=== Assignment ===
The full listing, minus its pictures, should be printed again exactly as it stands.

=== Given material ===
··········
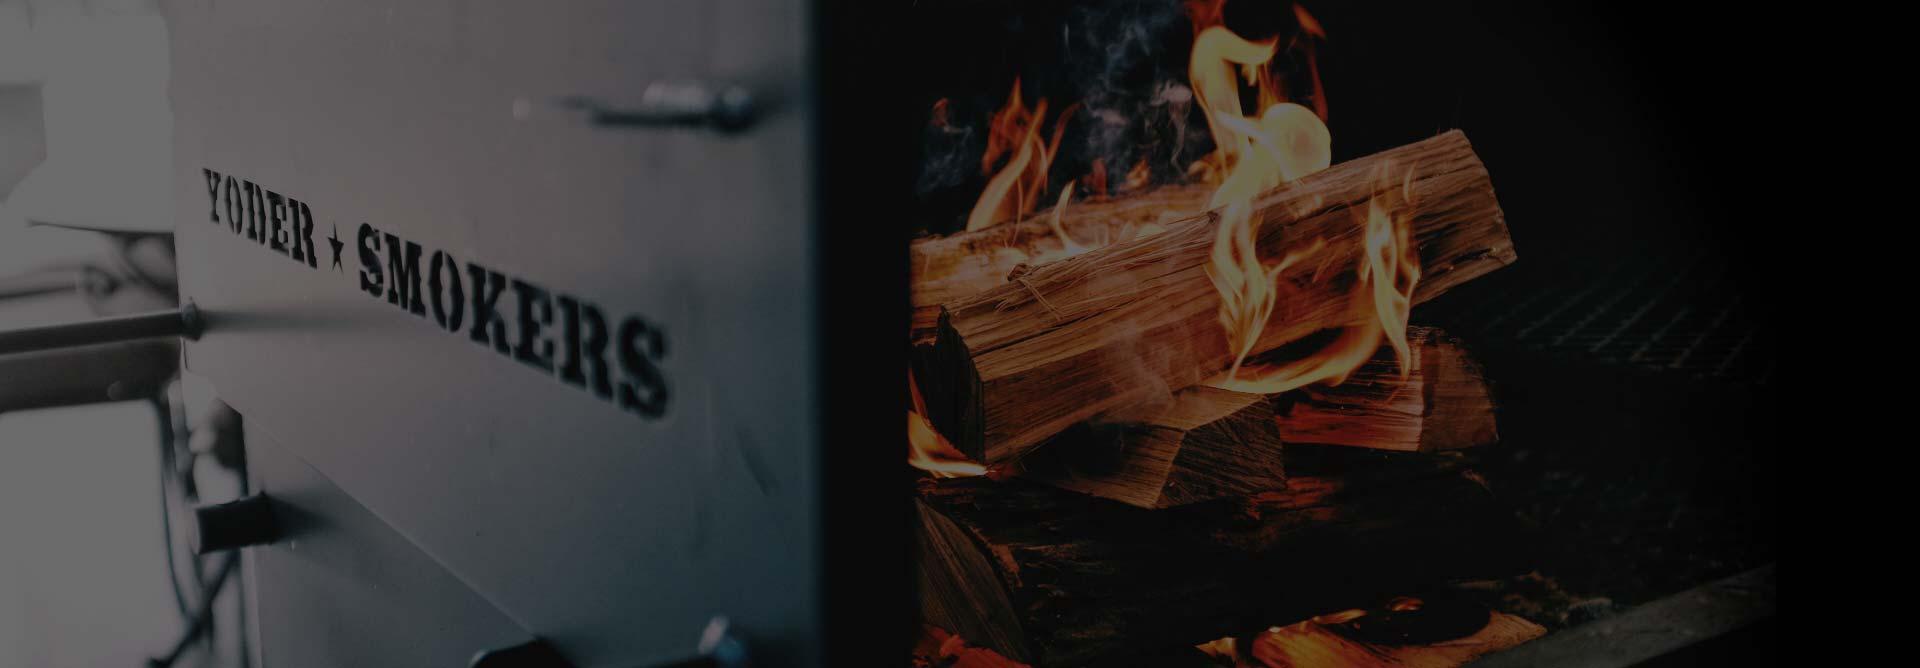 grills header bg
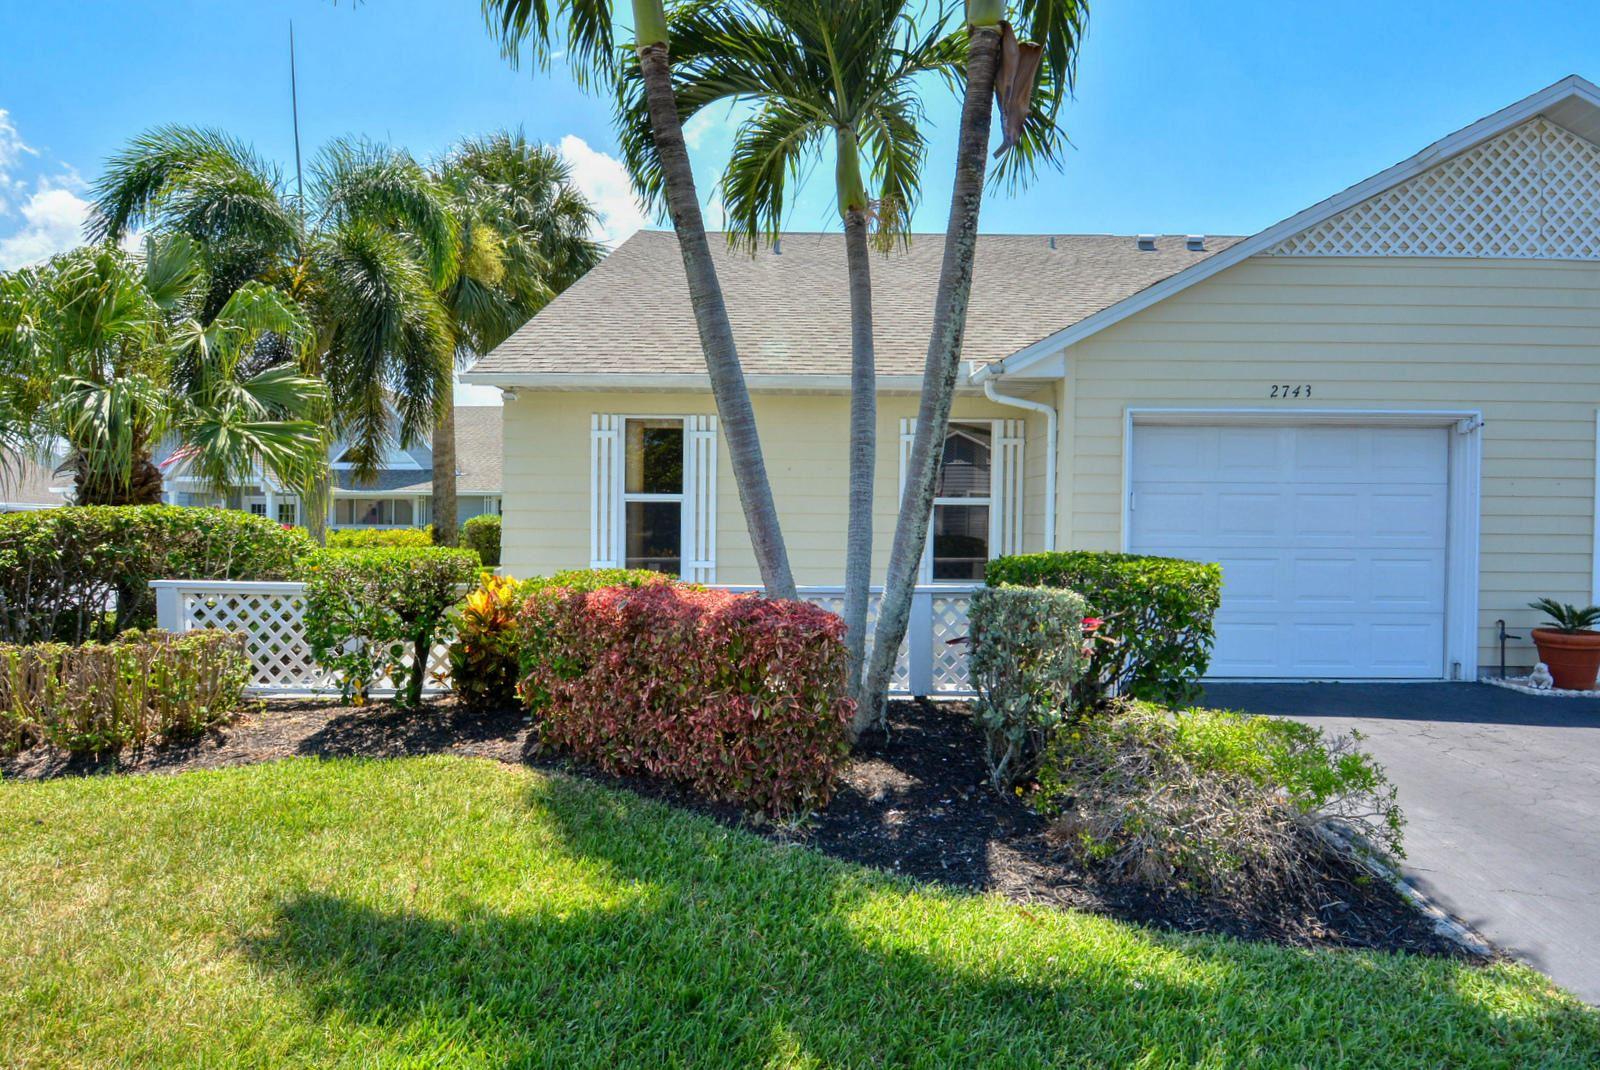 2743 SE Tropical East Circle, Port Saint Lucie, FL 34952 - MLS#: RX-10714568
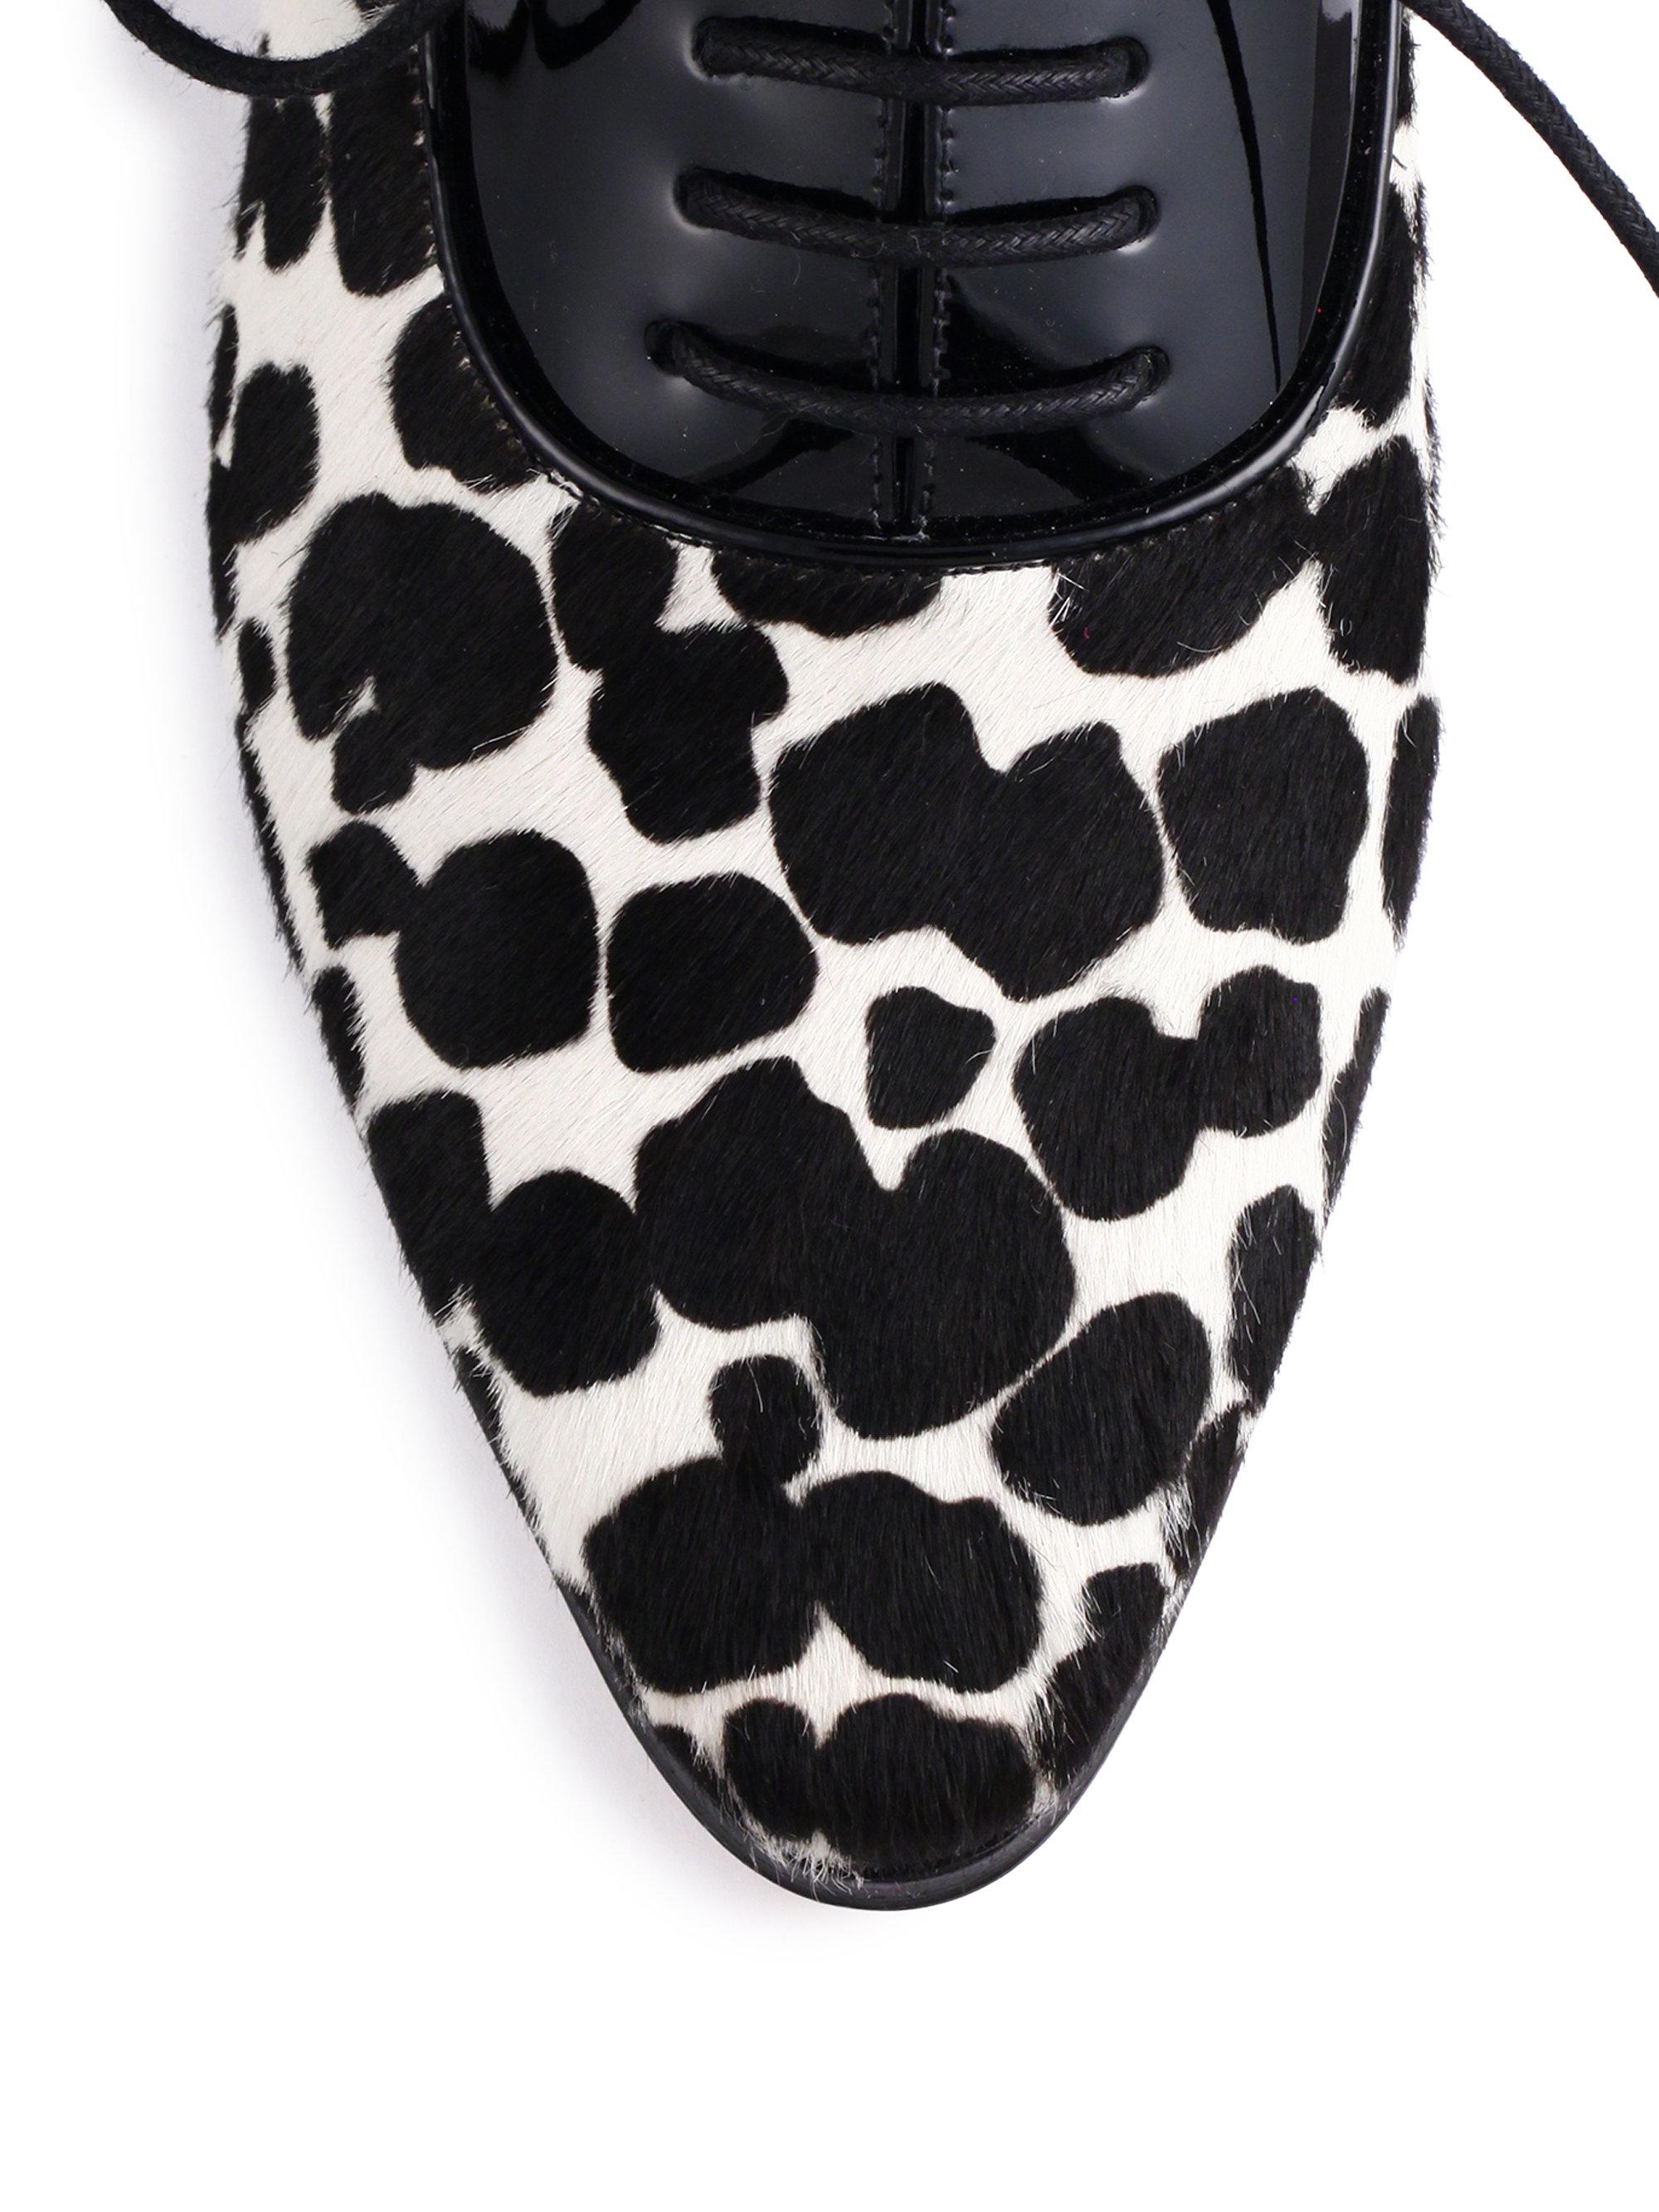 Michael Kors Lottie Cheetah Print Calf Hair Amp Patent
··········
=== Task output ===
 grills header bg
 2743 SE Tropical East Circle, Port Saint Lucie, FL 34952 - MLS#: RX-10714568
 Michael Kors Lottie Cheetah Print Calf Hair Amp Patent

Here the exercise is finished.